Can i combine unicode categories in Regex?

I want to get such set of symbols:

  1. \P{L} unicode category use as base
  2. add хХxXтТTоОoO0 symbols to \P{L} unicode category
  3. do not use symbols -_.

By that i get such regex in Java:

[[\P{L}]&&[^-_.]&&[хХxXтТTоОoO0]]

But this not working, what's wrong?

1 answer

  • answered 2020-02-16 15:29 The fourth bird

    Reading this page using &&[хХxXтТTоОoO0] means an intersection.

    You could add matching хХxXтТTоОoO0 to the first character class [\\P{L}хХxXтТTоОoO0]

    Then use subtraction for that character class using &&[^-_.]

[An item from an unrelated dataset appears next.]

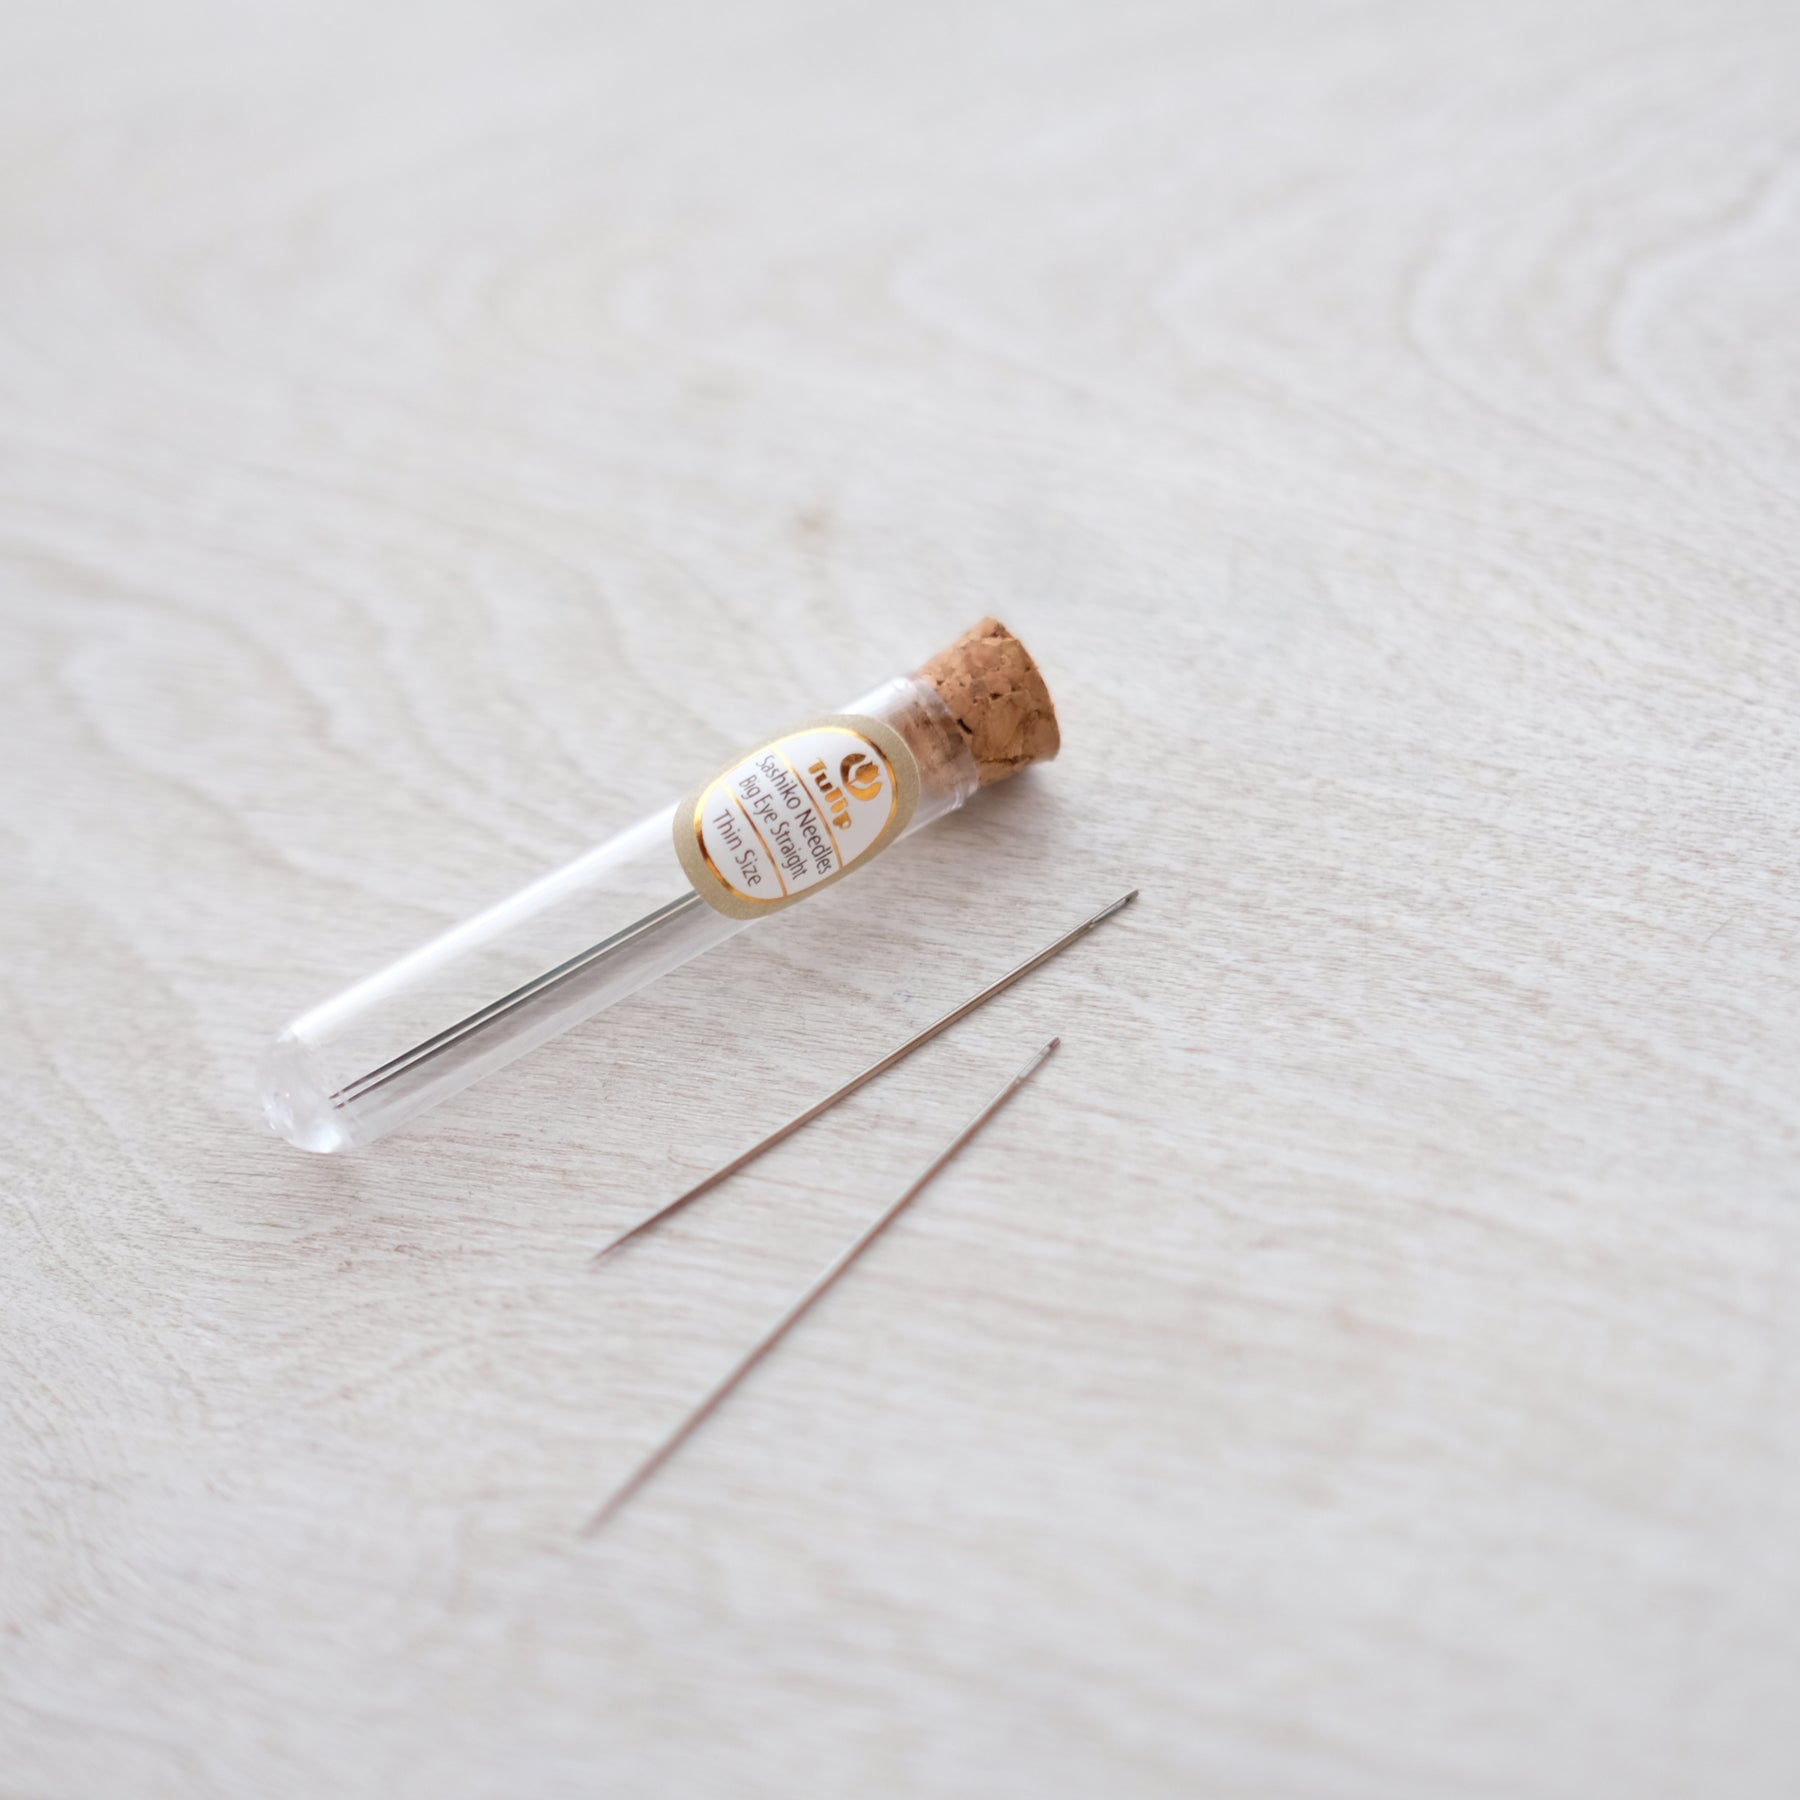 Sashiko Needles | Tulip Hiroshima Sashiko Needles - Assorted LONG Needles  with Large Eye for Easy Threading

    [[\\P{L}хХxXтТTоОoO0]&&[^-_.]] 
    

    Java demo

    Example

    final String regex = "[[\\P{L}хХxXтТTоОoO0]&&[^-_.]]";
    final String string = "aTo-_.#$";
    
    final Pattern pattern = Pattern.compile(regex);
    final Matcher matcher = pattern.matcher(string);
    
    while (matcher.find()) {
        System.out.println(matcher.group(0));
    }
    

    Output

    T
    o
    #
    $